# My Bordeaux's



## Liteskye (Aug 10, 2009)

Sidney at 10 months old









Cooling off









Beryl









Daisy & Sidney


----------



## Ducky (Nov 23, 2008)

they are awesome!


----------



## plumo72 (Nov 2, 2007)

Wow lovely pics . Gorgeous dogs!


----------



## Liteskye (Aug 10, 2009)

Aww thank you so much. Trying to find my pics of mum and dad of pups, but go so many on disc its finding the right one lol


----------



## Michelle666 (Jun 12, 2008)

Oh my they are gorgeous! I can't wait for Sadie to get bigger, just hope she looks as good as yours do! We are hoping to show her aswell!


----------



## Liteskye (Aug 10, 2009)

Michelle666 said:


> Oh my they are gorgeous! I can't wait for Sadie to get bigger, just hope she looks as good as yours do! We are hoping to show her aswell!

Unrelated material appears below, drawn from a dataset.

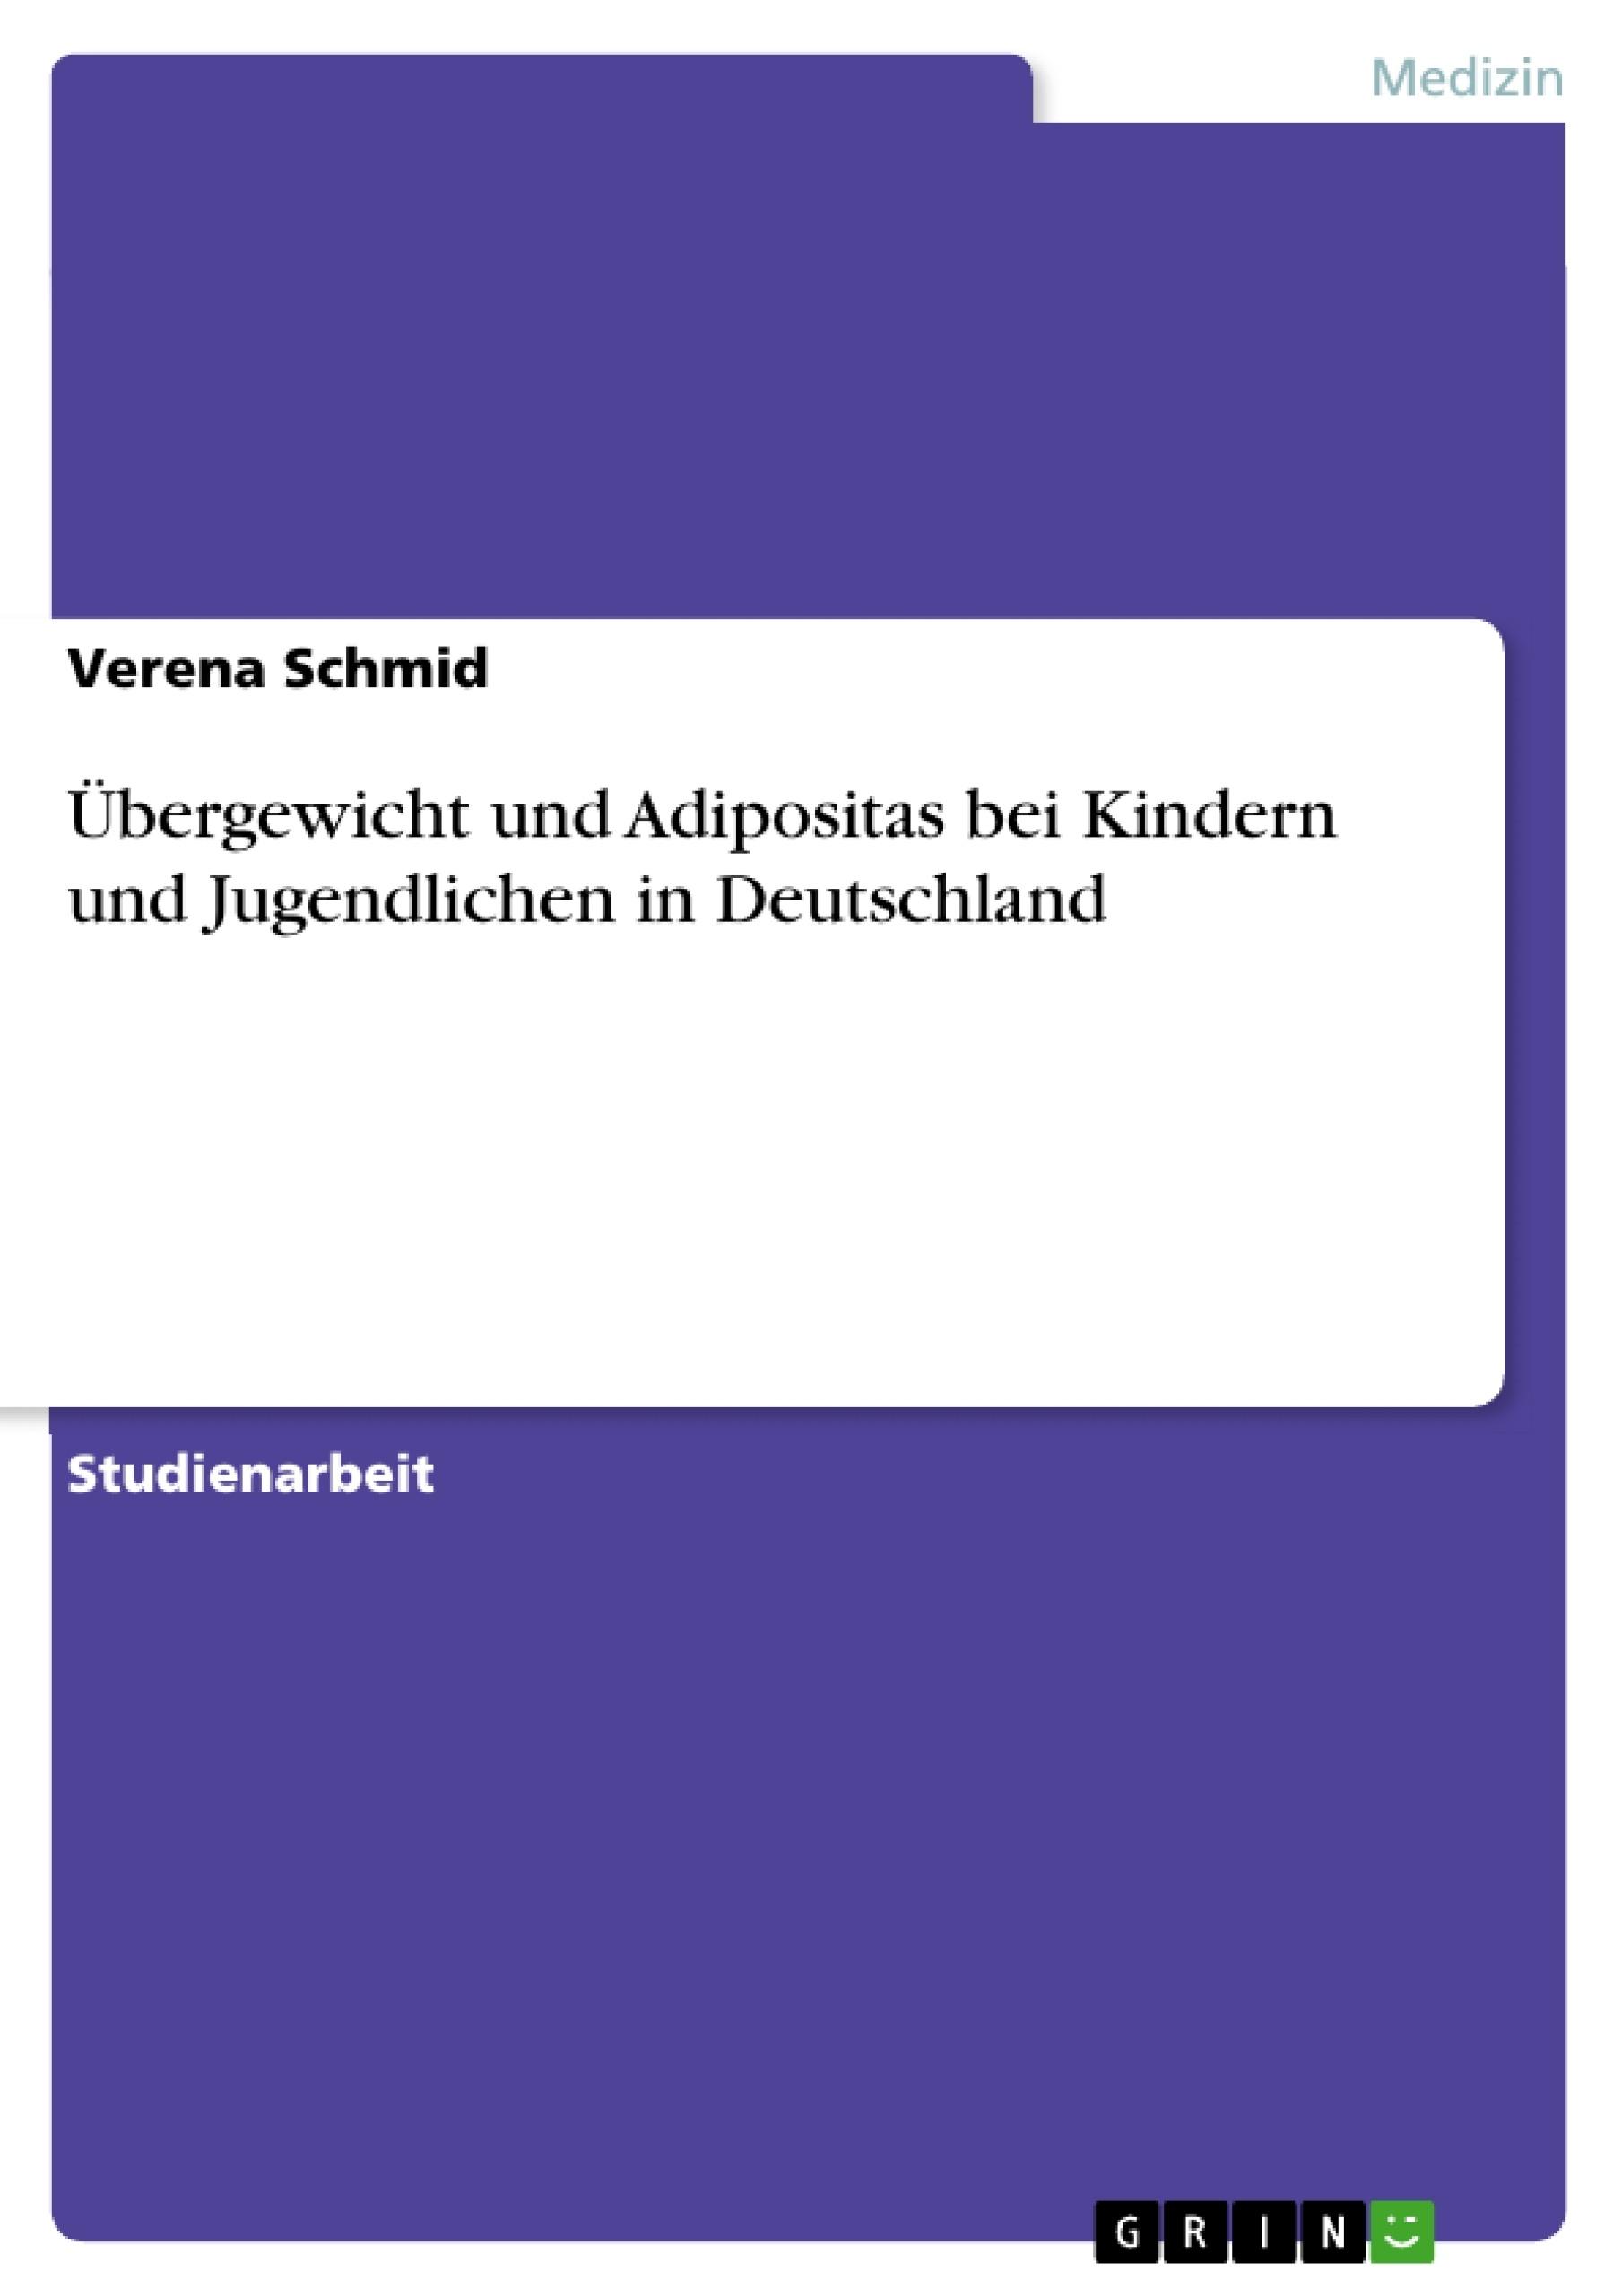 Titel: Übergewicht und Adipositas bei Kindern und Jugendlichen in Deutschland

Thank you so much. I've been showing Bordeaux's for a little over two years now, and so enjoy it. I'm running Beryl on for a little longer (she's pretty heavy boned, and of good substance, which is what I look for in a Dogue), as there are a few Champ Shows coming up I wouldn't mind entering her in. Her father just won Best in Breed at Paignton Championaship Show.

How old is your lovely Sadie? Have you got her into ringcraft? Excellent for her getting used to people going over her, and looking at her bite.


----------



## Michelle666 (Jun 12, 2008)

Liteskye said:


> Thank you so much. I've been showing Bordeaux's for a little over two years now, and so enjoy it. I'm running Beryl on for a little longer (she's pretty heavy boned, and of good substance, which is what I look for in a Dogue), as there are a few Champ Shows coming up I wouldn't mind entering her in. Her father just won Best in Breed at Paignton Championaship Show.
> 
> How old is your lovely Sadie? Have you got her into ringcraft? Excellent for her getting used to people going over her, and looking at her bite.


She is 13 weeks old today! We havn't sorted the ringcraft lessons yet, but we currently attend a fantastic puppy school - who train the Essex Show Dogs team! She is so well behaved, so I'm hoping we'll be ok in the ring. She has a good blood line, with Emberez Apollo being Grandfather.


----------



## Spaniel mad (Jul 17, 2009)

OMG i love em

I would love one of them but i dont think i could handle the slobber lol


----------



## Michelle666 (Jun 12, 2008)

Spaniel mad said:


> OMG i love em
> 
> I would love one of them but i dont think i could handle the slobber lol


Im just being introduced it...its definatly an eye opener when they come bounding towards you with what looks like shoelaces hanging out of their mouths. Not to mention the wind!!! Last night my OH had to leave the room it got so bad, and he's a bloke


----------



## Spaniel mad (Jul 17, 2009)

Michelle666 said:


> Im just being introduced it...its definatly an eye opener when they come bounding towards you with what looks like shoelaces hanging out of their mouths. Not to mention the wind!!! Last night my OH had to leave the room it got so bad, and he's a bloke


PMSL

They are beautiful dogs


----------



## cassie01 (Jul 11, 2008)

Spaniel mad said:


> OMG i love em
> 
> I would love one of them but i dont think i could handle the slobber lol


you might think im wierd but i dont mind dog slobber at all!!! but people spit makes me sick. especially the horrible noise before they do it!! yuk!!! im heaving just thinking about it. Urgghhhh


----------



## Liteskye (Aug 10, 2009)

I find that dogs drool much more than the bitch, as they don't have such long a jowl.


----------



## Liteskye (Aug 10, 2009)

cassie01 said:


> you might think im wierd but i dont mind dog slobber at all!!! but people spit makes me sick. especially the horrible noise before they do it!! yuk!!! im heaving just thinking about it. Urgghhhh


Don't think you weird at all, as I'm exactly the same when it comes to that sort of thing. I've even said something before now to people who have done this vile act :cursing:


----------



## Liteskye (Aug 10, 2009)

Michelle666 said:


> She is 13 weeks old today! We havn't sorted the ringcraft lessons yet, but we currently attend a fantastic puppy school - who train the Essex Show Dogs team! She is so well behaved, so I'm hoping we'll be ok in the ring. She has a good blood line, with Emberez Apollo being Grandfather.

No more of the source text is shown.